▶ _Exercise description_: Using the records below, copy out exactly the line that contains "SKU: 128529" and every line that follows it, up to and including the last, and no others.

▶ _Provided records_:
------------------------------
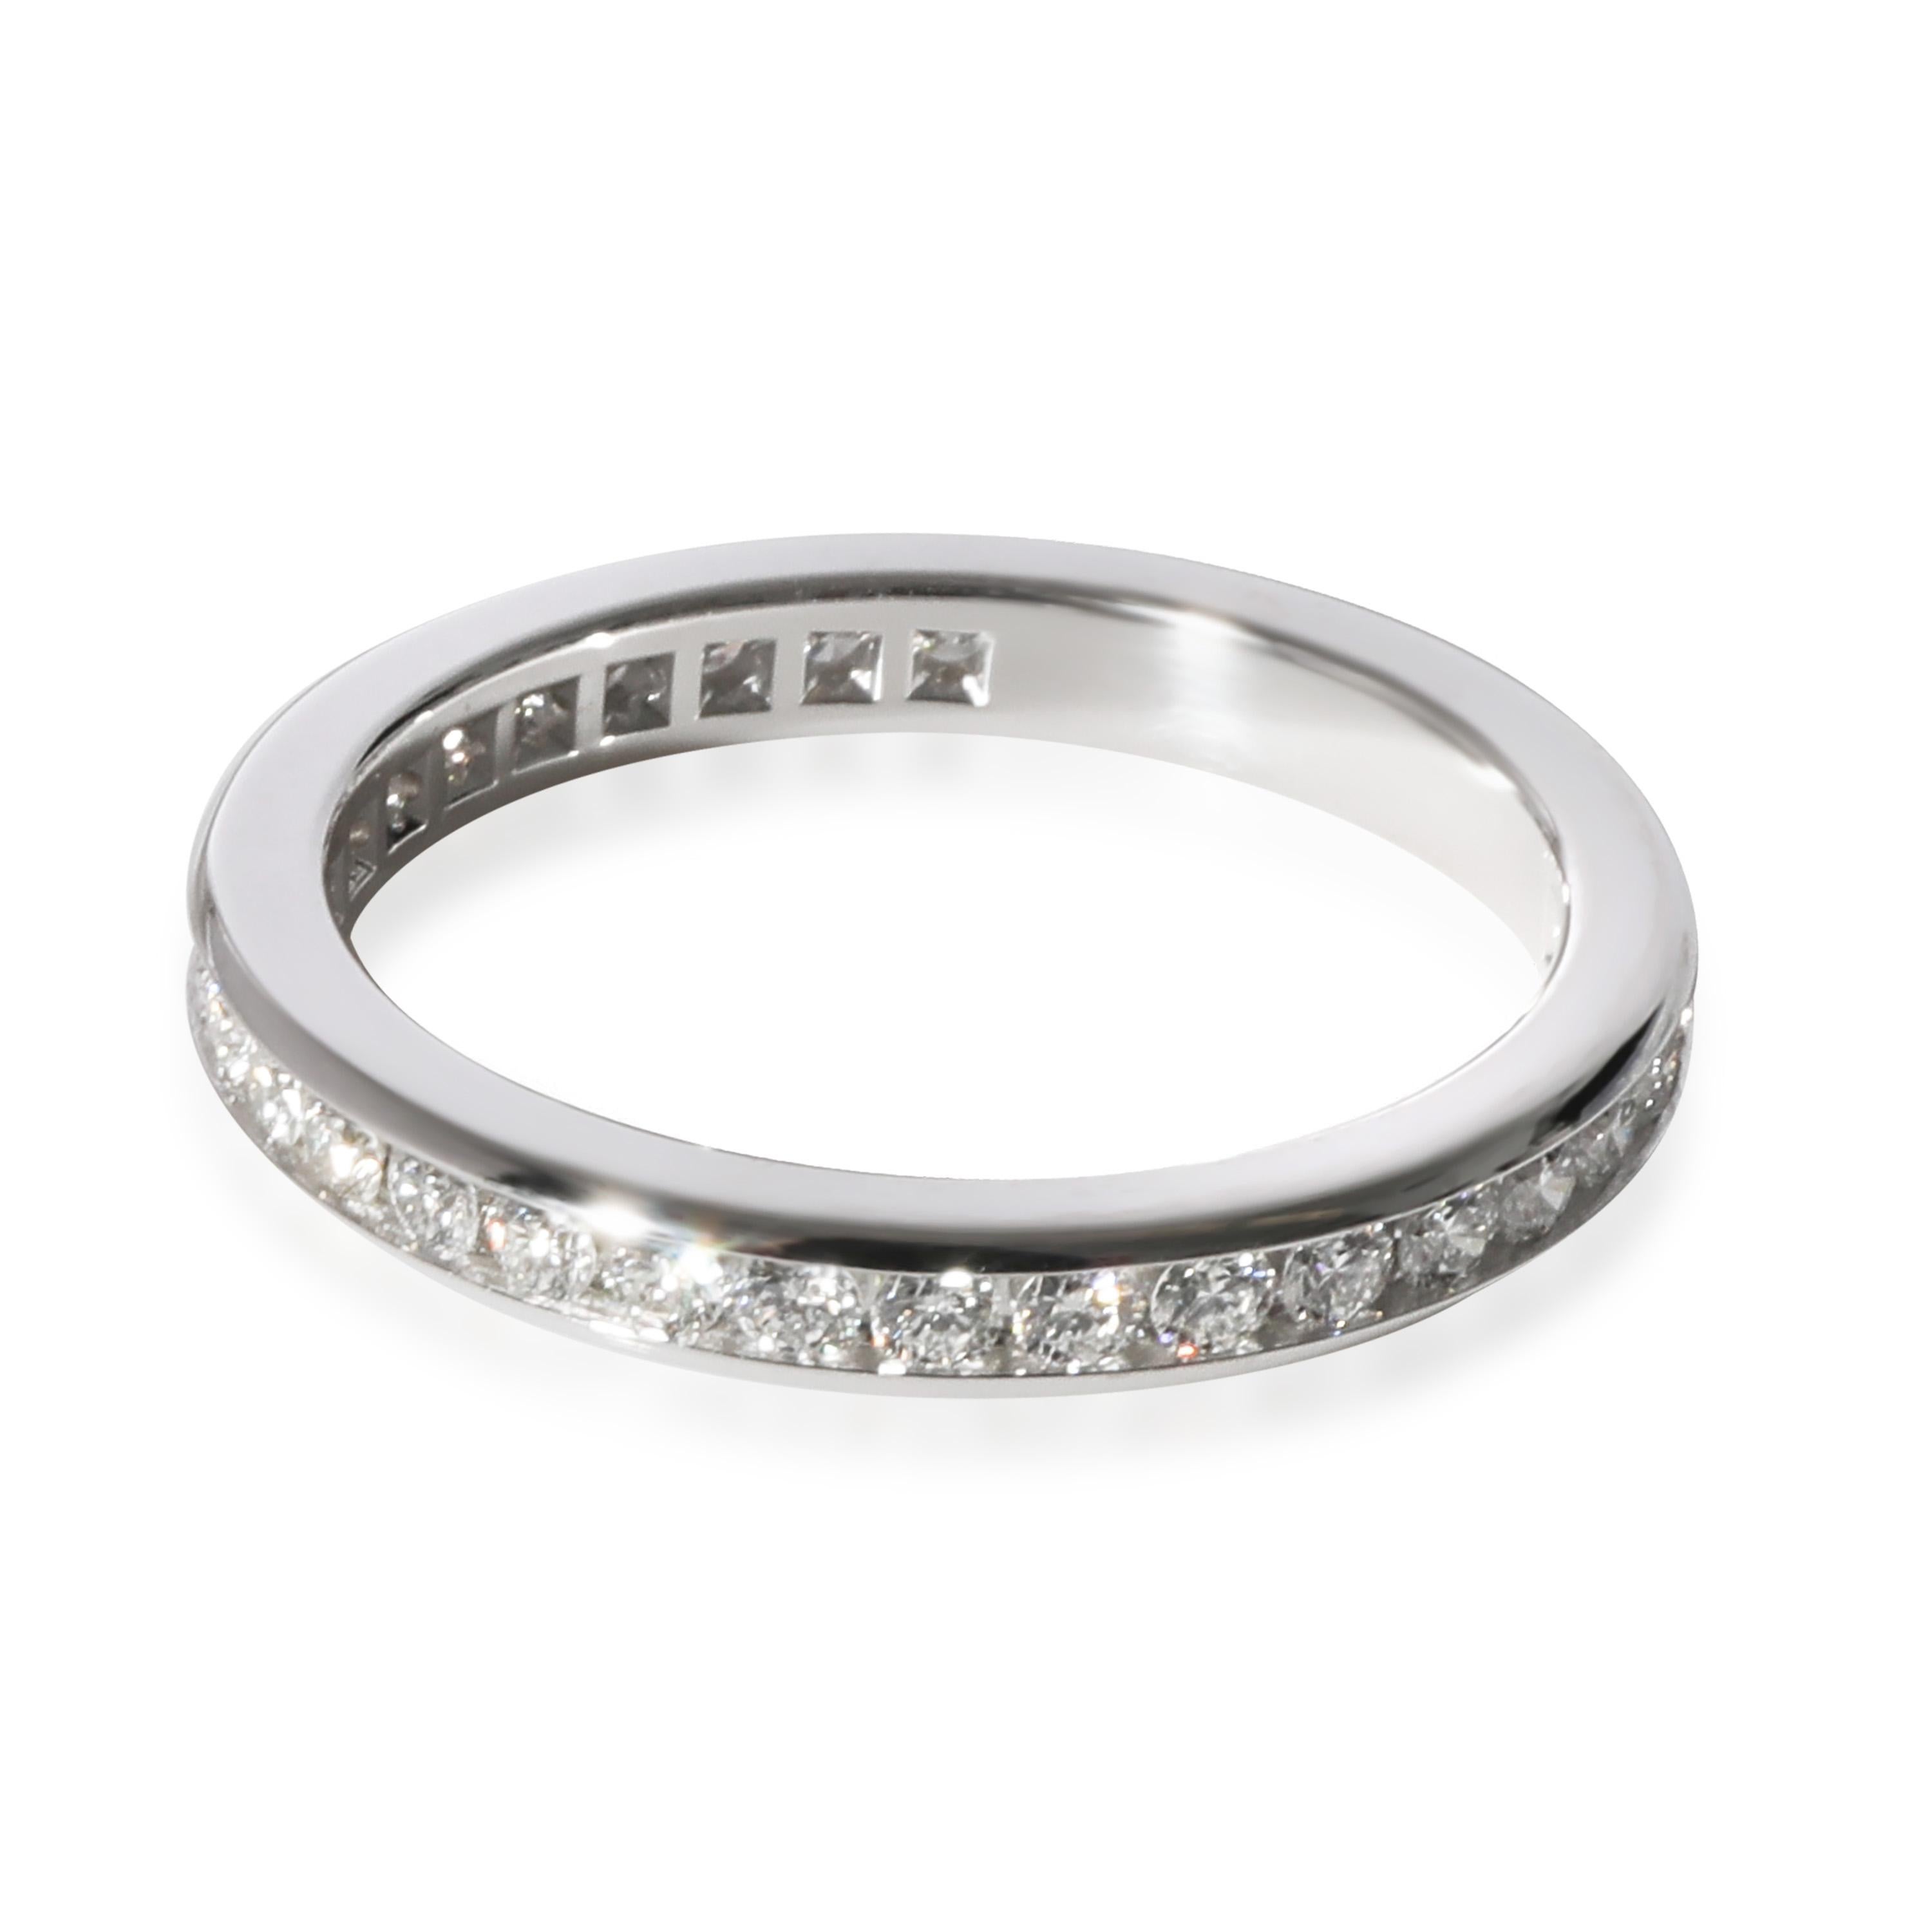 Tiffany & Co. Channel Set Diamond Eternity Band in Platinum 0.56 CTW
 
 PRIMARY DETAILS
 SKU: 128529
 Listing Title: Tiffany & Co. Channel Set Diamond Eternity Band in Platinum 0.56 CTW
 Condition Description: Tiffany reinvents a classic with the
------------------------------
▶ _Task solution_:
 SKU: 128529
 Listing Title: Tiffany & Co. Channel Set Diamond Eternity Band in Platinum 0.56 CTW
 Condition Description: Tiffany reinvents a classic with the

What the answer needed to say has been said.